From Martyrdom to dialogue, this could be the motto of Beirut. Beirut was a martyred city. Beirut is now the city of the interfaith revival.
In the heart of Beirut, Martyrs’ Square, Sahat al Chouhada is aptly named. It is noticeable by its eponymous statuary riddled with bullets. The sculpture depicts two martyrs lying at the foot of a woman brandishing the flame of freedom and hugging a young man with an amputated arm. Built in 1960, the monument was erected in place of another monument built in 1930 with the same strong symbolic impact. The first monument represented two women, one Muslim, the other Christian, mourning together the death of their children. It was aimed at paying tribute to Syrian and Lebanese martyrs hanged in 1916 by the Ottoman occupier.
Beirut’s Marty’s Square itself martyred
The new Martyr’s monument built in 1960 will inadvertently become an almost living symbol of the new martyrdom suffered by Lebanese people between 1975 and 1990, the years of civil war during which Lebanese people killed each other. Located at the crossing point of the demarcation line separating the Muslim neighborhood of West Beirut from the Christian neighborhood of East Beirut, the Martyr’s Monument was in sniper’s line of fire. Stigmas of the stone give the monument a mystically human appearance.
From martyrdom to dialogue: Lebanese national unity embodied in the national day
On this day of March 25, 2019, the country celebrates its National Day. From martyrdom to dialogue: the celebration is not without recalling the symbolism of the first Martyrs’ Monument, the one dating back to 1930. Since a few years, March 25 in Lebanon is indeed dedicated to the Muslim-Christian dialogue.
According to the local press, Beirut would be the only country in the world to have a national day dedicated to the Muslim-Christian dialogue. Both communities pray together Mary, Maryam, in Arabic, to which the Koran consecrates an entire sura. Under the auspices of the Churches of Lebanon, the Ecumenical Council of the Middle East and the community of Taizé in France, an ecumenical meeting is organized at the Seaside Arena Fair Ground in Beirut.
Although it takes place in a modernist and unattractive building, the ceremony leaves the visitor speechless.
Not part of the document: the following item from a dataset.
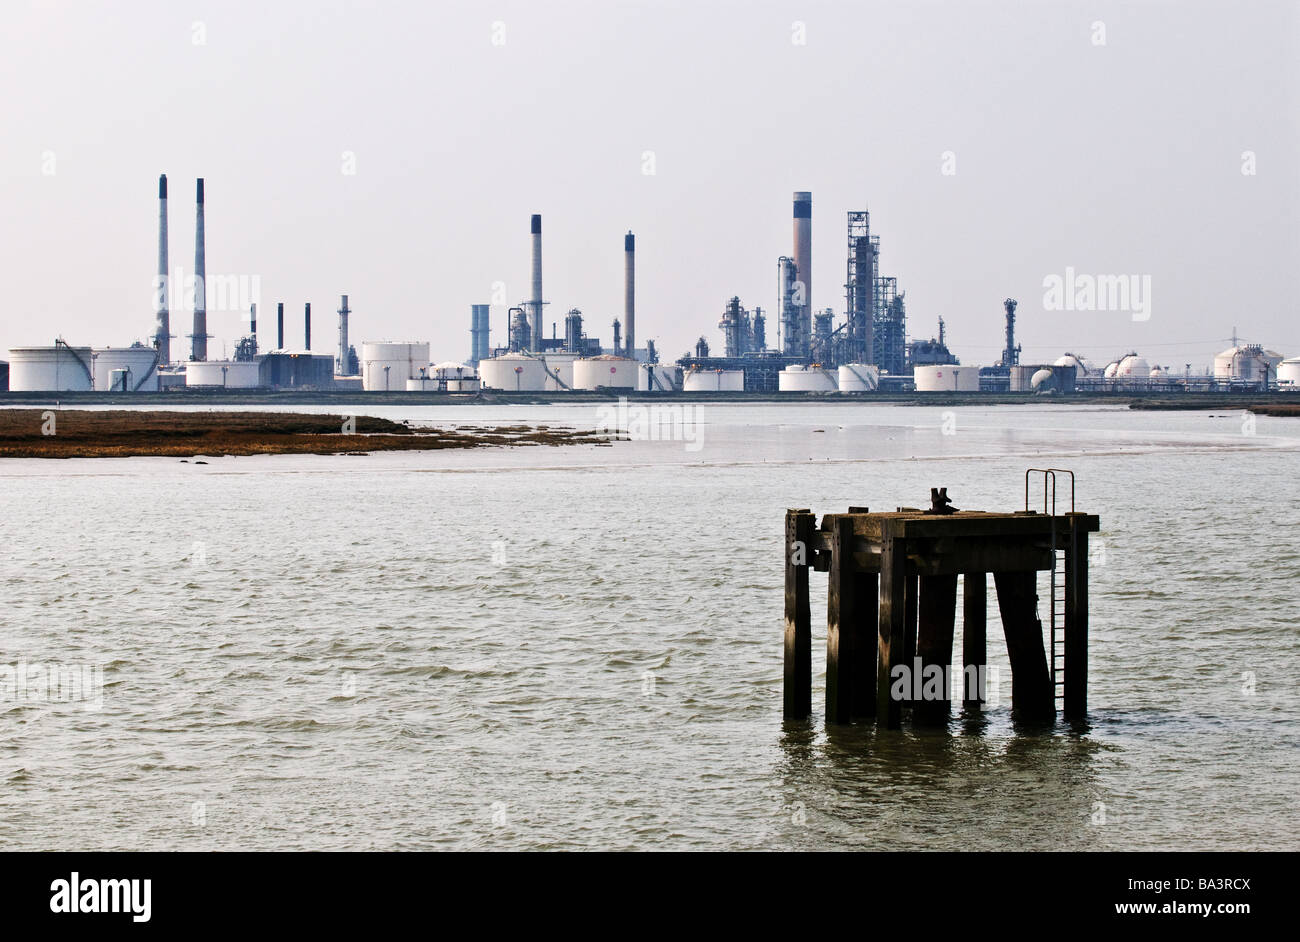 La raffineria di olio Coryton smantellata in Essex. Foto Stock

It brings together over 1600 young Christian and Muslim believers from more than 43 countries around the world, communicating with an amazing fervor. Almost all Muslim and Christian clerics in the country attend the ceremony: they are Catholic, Maronite, Orthodox, Chaldean, Sunni and Shiite. They gather in the midst of the songs of young Muslim choristers dressed in Marian colors.
Later in the day, the young Christians are taken to the Great Mosque Muhammad al-Amin, located on Martyrs’ Square, to learn further on Muslim rites. And surprisingly, girls and boys are allowed to pause side by side in the prayer hall of the Mosque.
Beirut, at the intersection between the past and the future
War wounds are also visible in Chouf’s Druze villages, a majestic snow-covered mountain overlooking this little piece of the Middle East. The bullet-ridden car exposed in Kamal Joumblatt’s family home in the village of Mukhtara reflects the assassination of the Lebanese Druze leader in his car on a Chouf road in 1977, shortly after Syria invaded Lebanon.
Strolling a few days in Beirut provides the visitor with plenty of discovery opportunities, just to name a few, the feverish reconstruction of the city, the cultural diversity of the population, a friendly conversation with Armenian residents, the Lebanese youth swinging between the East and West enjoying strolling around the Marina.
But Lebanon remains a land of contrast.
A less visible reality of suffering and survival is also taking place. Syrian kids in suburbs areas hiding their faces are a reminder of on-going war on the other side of the border. The district of DEKWANA, RAJ in Beirut has a high concentration of Iraqi Christian refugees surviving in substandard housing. These refugees, who fled ISIS persecutions, feel today to be neglected by the media.